Ci mostra e ci spiega le parabole attraverso le mura del suo passato, ce le spiega con la capacità di un saltimbanco, sgattaiolando di qua e di là che è difficile stargli dietro. Lui è logico e convincente e per la prima volta vedo con i miei occhi dove può esser nato veramente Gesù, in un luogo simile, in un posto semplice della città di Betlemme. Ci parla della "quarta stanza", di quell'unica mezza stanza lasciata ai palestinesi della propria casa. Ci spiega saltellando come un grillo dalla sua poltrona che lui non vuole più sentir parlare di pace, ma di riconciliazione: il bisogno di trasformare il proprio nemico nel proprio amico! Gerusalemme è la chiave di tutto: tre nomi in tre religioni per due popoli aperta a tutti! A tutti noi capite? Per tutto il mondo, centro di tutto il mondo, finalmente libera.

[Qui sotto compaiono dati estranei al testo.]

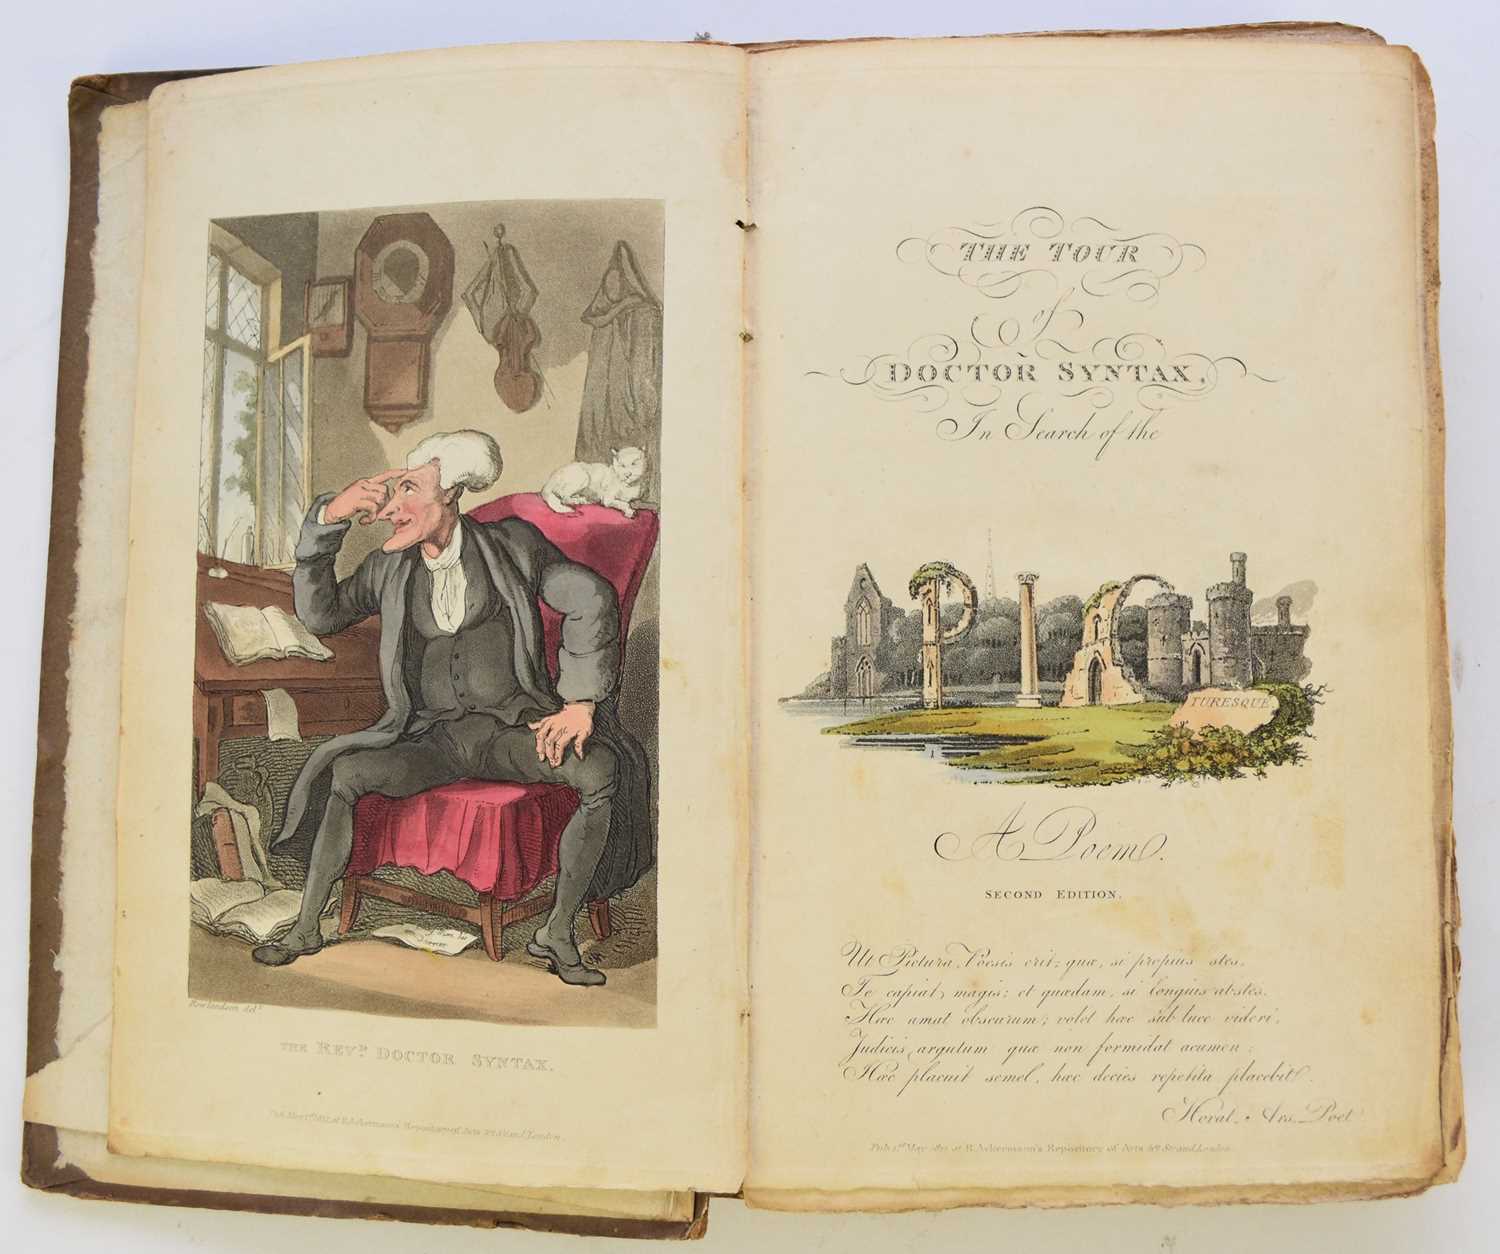 Lot 49 - COMBE, William, The Tour of Dr Syntax in Search of (1) The Picturesque (2) Consolation (3) a Wife. Illustrated by Thomas Rowlandson. 3 vols 1812-21. Hand-coloured plates.

Ci dà speranza ma anche ci racconta che la strada è quella dell'unità, del dire sì, del togliere quel muro ”di sicurezza” che troppo spesso anche noi vediamo e vendiamo in cambio della nostra dignità e della nostra verità. Molto altro ci ha raccontato con la voce e con tutto il suo corpo, ma vi lascio con una frase che lui ha citato nel nostro primo incontro a Taybeh: “la più grande avventura è la libertà della mente”, in ognuno di noi spero accada.
(continua)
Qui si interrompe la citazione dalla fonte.